As with any business that has been open for an extended period, Abbott Florist has endured and survived tremendous hardship. Abbott Florist has survived the recession post-dot com bubble, the 2008 Great Recession, and most recently the COVID-19 pandemic. As with many other businesses, Abbott Florist was closed for 5 months during the pandemic and times were looking grim. Unable to generate any sales, they were beginning to have trouble making the rent for the shop and were also unable to purchase any additional inventory since flower suppliers were also closed across the world.

But, as with any times of hardship in life, there are opportunities to give back. At the height of the pandemic, Miami Beach Commissioner David Richardson, hosted food drives for the residents of Miami Beach that were struggling to make ends. At those food drives, came the opportunity. Romina had been walking by the food drives and had inquired on how she would be able to assist with the effort. She was told that there was a flower supplier that was looking to get rid of their inventory. Romina contacted the supplier and was able to secure those flowers and used them to provide decorations for the long lines and people at the food drive. Such was the impact felt by the community that 2 years later, people still show up to Romina’s store and thank her for decorating the line with flowers and giving them at least a moment of happiness during those dark times. By giving back to the community, people still go and buy from her shop which in turn helps her business.

During this time of recovery, Romina was able to find assistance with the help of the City of Miami Beach and from Prospera. The City of Miami Beach Economic Development Department offered Miami Beach businesses a Community Development Block Grant Coronavirus or CDBG-CV grant that was designed to assist small businesses that had to shut down or were impacted due to the pandemic. Romina was able to apply for this grant and was awarded $20,000 of CDBG-CV funds that were used to catch up with rent and to purchase additional inventory now that her business was back up and running.

Through the Miami Beach Business Academy, Romina also received technical assistance help from Prospera free-of-charge. Prospera is a not-for-profit organization focused on providing technical assistance to underserved entrepreneurs so they can better achieve their business goals. Romina attended one of the monthly webinars on capacity building, and in-person training sessions held over 4 days by Prospera focused on teaching entrepreneurs how to apply technology to their businesses, the fundamentals of technology, digital marketing, and cyber security.

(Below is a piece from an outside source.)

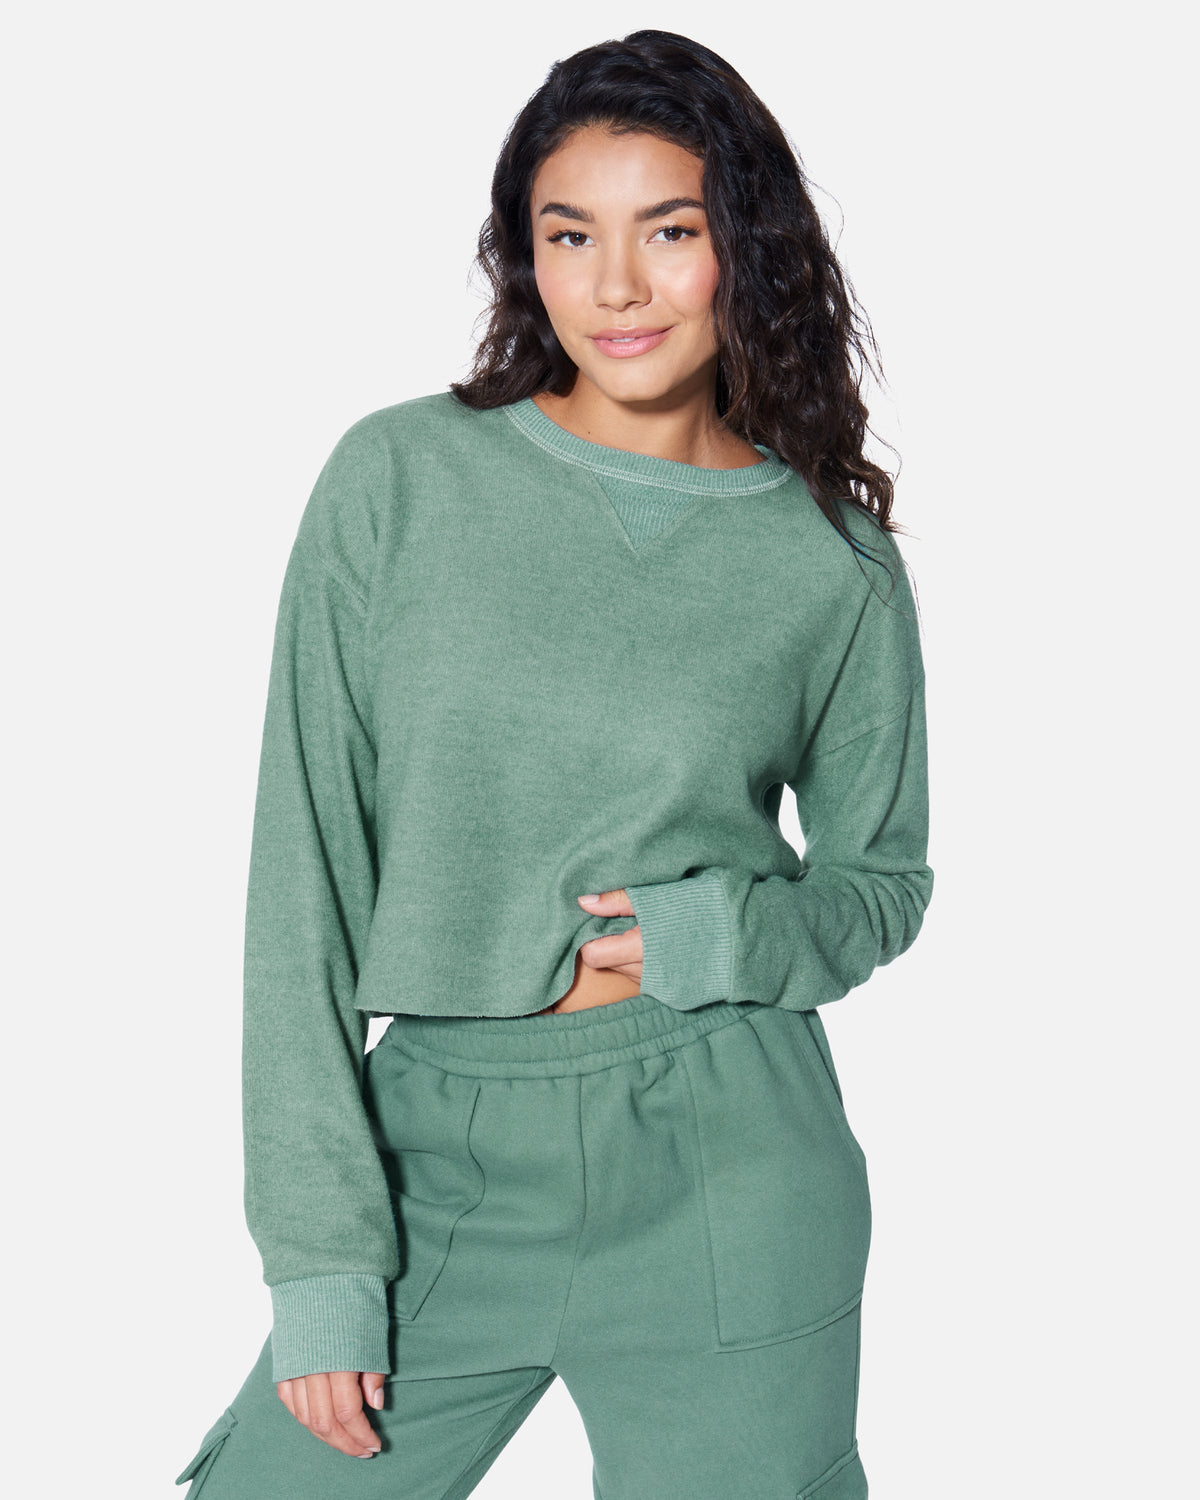 Women\'s Tops | Hurley Sweaters - Shirts
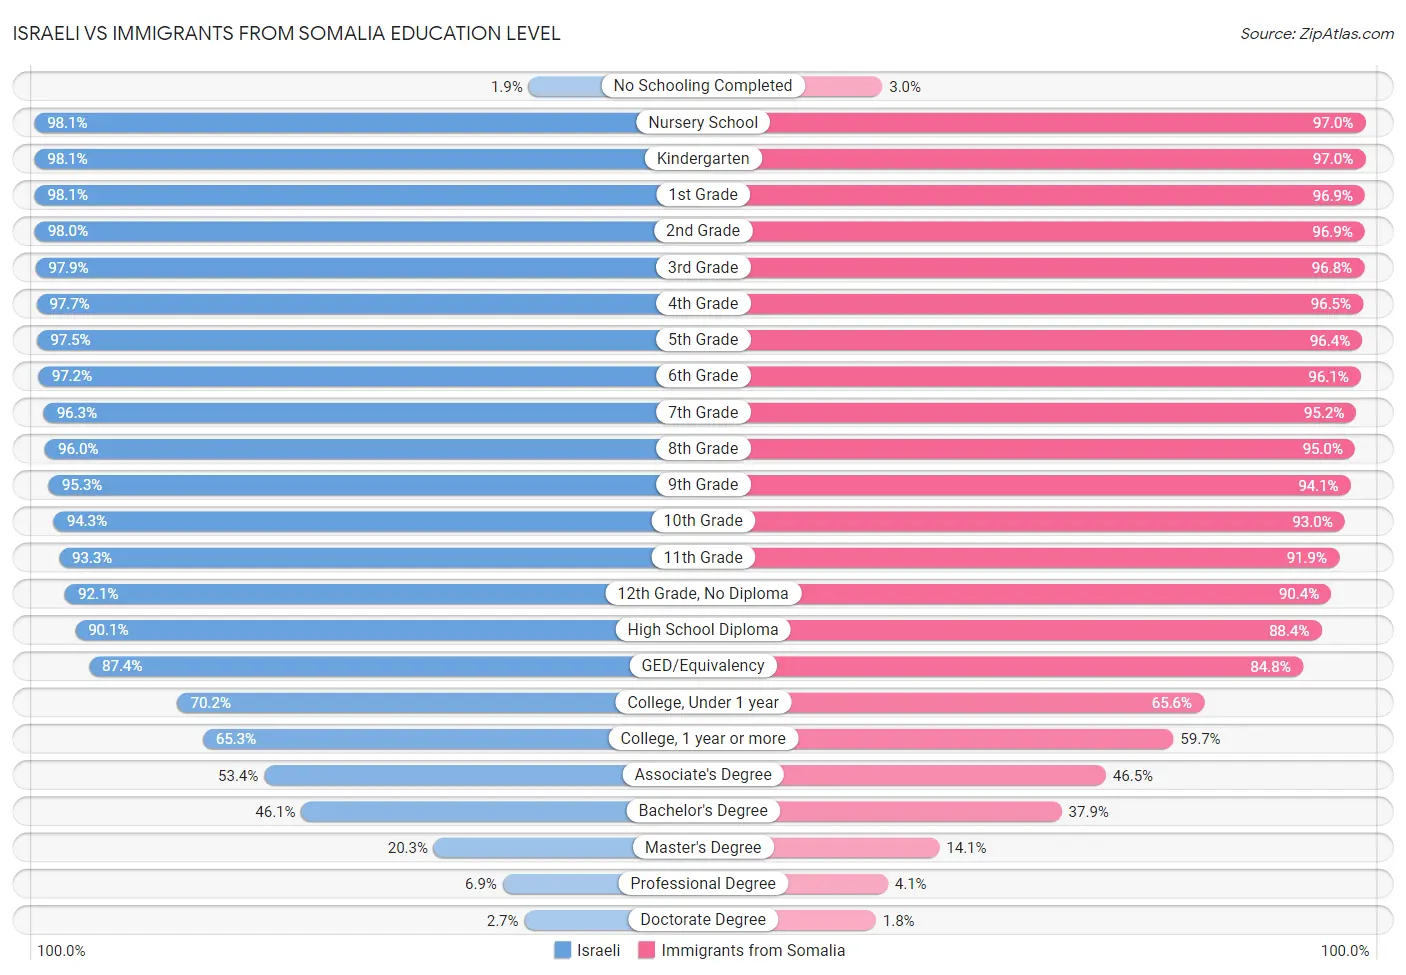 Israeli vs Immigrants from Somalia Education Level

By attending the training sessions, Romina also had the opportunity to network with other businesses, community partners, banks, and won a laptop computer for her business.

Through the assistance of community partners such as the City of Miami Beach and Prospera and Romina’s entrepreneurial fortitude, Abbott Florist remains open for the community of Miami Beach, providing joy and flowers for the foreseeable future.

Bistro 1

Miami Beach is a food and hospitality hub and Sandy Sanchez is an important ingredient in our culinary palate. Born in Hialeah, to Cuban parents Maribella and Rafael Sanchez, Sandy’s palate has always been infused with and influenced by Spanish, African and Caribbean spices, techniques and flavors. Sandy’s journey began in the 1950s, when her uncle, Frades Sanchez, migrated to the United States to play for the New York Yankees. After a career ending injury, Frades moved to Miami, and Sandy’s parents fleeing Cuba in 1960,  joined him and settled in Hialeah.  Maribella and Rafael, like many Cuban immigrants, were able to obtain factory jobs. Sandy remembers living in Hialeah across the street from the factory where her father worked and the sweet smells of her mom cooking in the kitchen. Mrs. Sanchez, an early entrepreneur, started cooking lunches for the factory workers and Sandy fondly recalls her home becoming a special place for workers, neighbors and the needy to come and enjoy homemade authentic Cuban food.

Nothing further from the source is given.